Another specific problem with HIV-2 is that the majority of HIV-2-infected people do not have measurable virus levels in the blood, which has increased uncertainty as to when and whether treatment should be introduced, according to Hans Norrgren, associate professor of infectious diseases at Lund University and consultant physician at the infection clinic at Skåne University Hospital in Lund.
“Furthermore, HIV-2 mainly occurs in West Africa, which is the world’s poorest region, characterised by low investment levels and frequent political instability. This not only makes research and development more difficult in the region, but has also contributed to the fact that commercial interest in the development of diagnostics and treatment of HIV-2 has not been equally strong”, says Fredrik Månsson, researcher in clinical infectious diseases at Lund University and specialist physician at the infection clinic at Skåne University Hospital in Malmö.
The researchers would like to see more research in the field and on treatment for HIV, to better understand the differences between the two types.
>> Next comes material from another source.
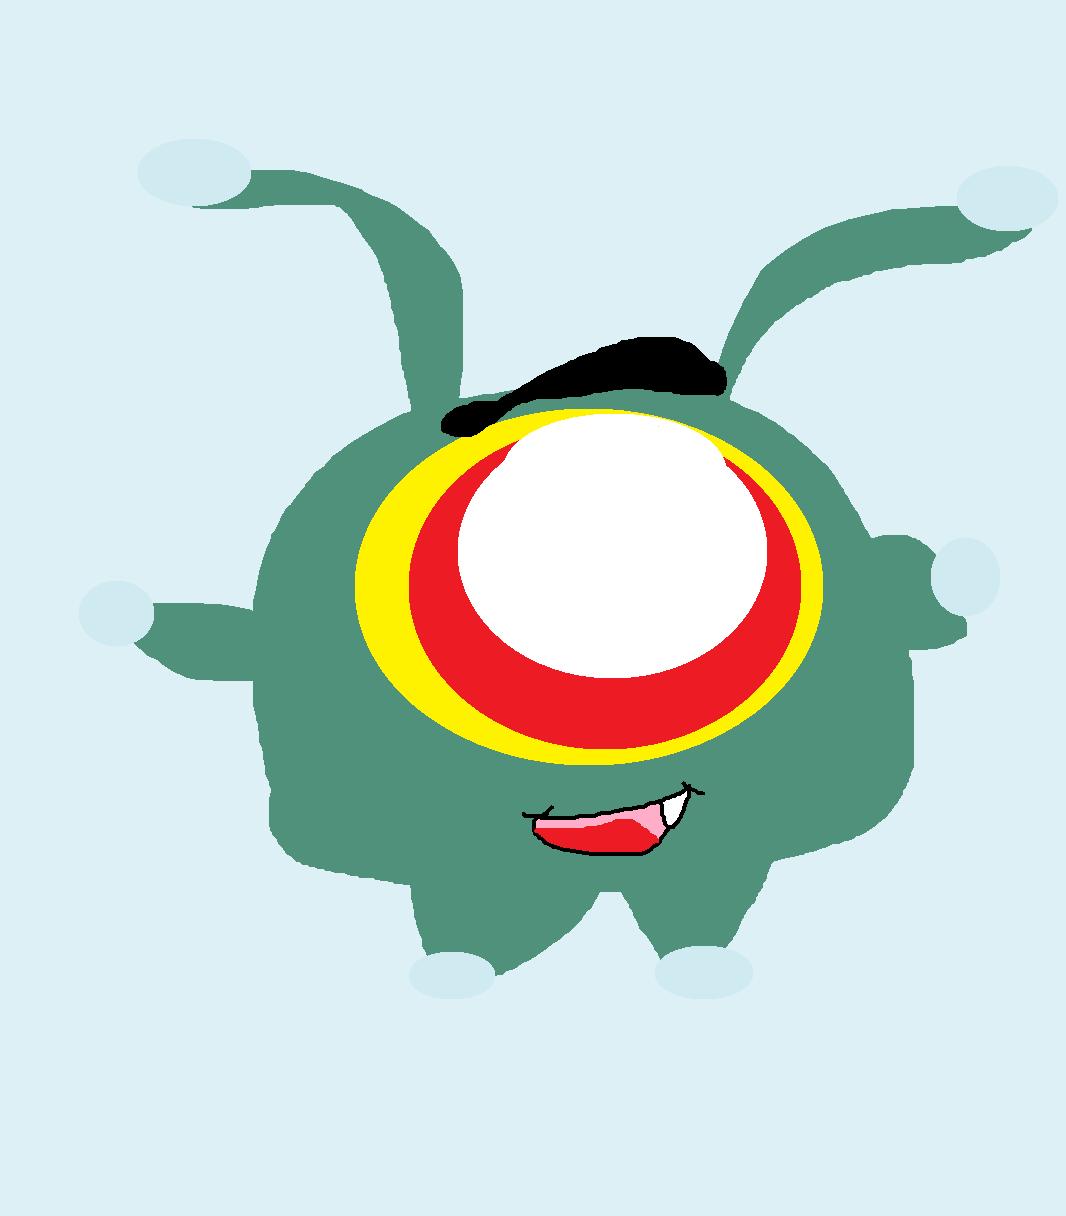 Plankton Chibi Cling Plush by Falconlobo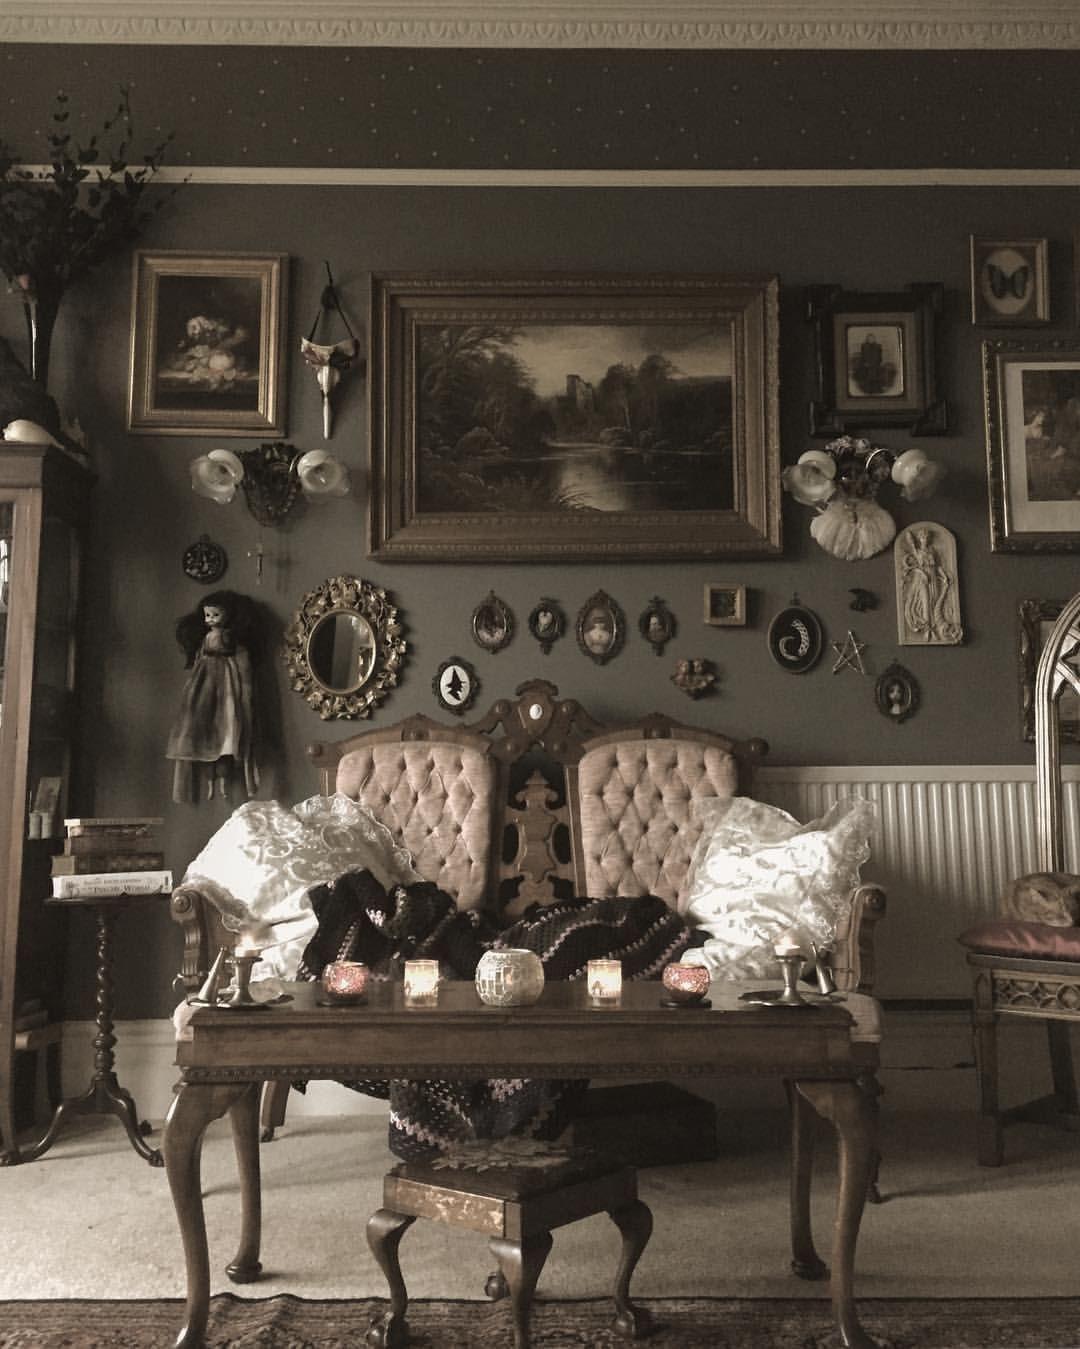 Cool Steampunk Bedroom Interior Decorating Design Ideas Gothic

Among other things, a treatment study over time is needed to verify the usefulness of early treatment for patients with HIV-2.
About the study: The study is a collaboration between researchers and employees at Lund University, Örebro University, the healthcare centre of the police authority in Bissau and the national public health laboratory in Guinea-Bissau. It was mainly conducted by researchers from Lund University and Skåne University Hospital, including Joakim Esbjörnsson, Fredrik Månsson and Hans Norrgren, all of whom have long experience of HIV research, both in Sweden and in countries severely affected by HIV.
Long-term follow-up of HIV-2-related AIDS and mortality in Guinea-Bissau: a prospective open cohort study
The Lancet HIV, online 1 November 2018, DOI: 10.1016/S2352-3018(18)30254-6
Joakim Esbjörnsson, associate senior lecturer in Medical Microbiology, Department of Translational Medicine, Lund University, + 46 46‑222 01 19, +46 703‑99 38 02, firstname.lastname@example.org
Fredrik Månsson, researcher in clinical infection diseases, Department of Translational Medicine, Lund University and specialist physician at the infections clinic at Skåne University Hospital in Malmö, + 46 703‑36 99 14, email@example.com
Hans Norrgren, associate professor of infectious diseases, Department of Clinical Sciences in Lund, Lund University and consultant physician at the infections clinic at Skåne University Hospital in Lund, + 46‑17 13 37, + 46 709‑94 19 85, firstname.lastname@example.org
Two types of HIV (Facts)
HIV (human immunodeficiency virus) is one of the deadliest infections in the world: a retrovirus that, without treatment, can cause immune deficiencies through the slow breakdown of the body’s immune defence system. When the body can no longer fight infections, a clinical picture emerges that is known as immunodeficiency or AIDS (acquired immunodeficiency syndrome). Two types of HIV virus have been described as capable of leading to AIDS: HIV-1 and HIV-2. The World Health Organisation, WHO, estimates that around 37 million people currently live with HIV infections, with most cases attributable to more aggressive and contagious type HIV-1, which has also been disseminated worldwide. Around 1–2 million people are carriers of the milder type HIV-2, which is mainly prevalent in West Africa and in countries with ties to the region.
There is currently no cure for HIV but only drugs that can slow the course of the disease. One major problem is the enormous evolutionary speed of the HIV virus, i.e. the virus is constantly mutating. In an individual with HIV, billions of new virus particles can be produced every day. This is one of the most important reasons why we have not yet succeeded in finding a vaccine against HIV.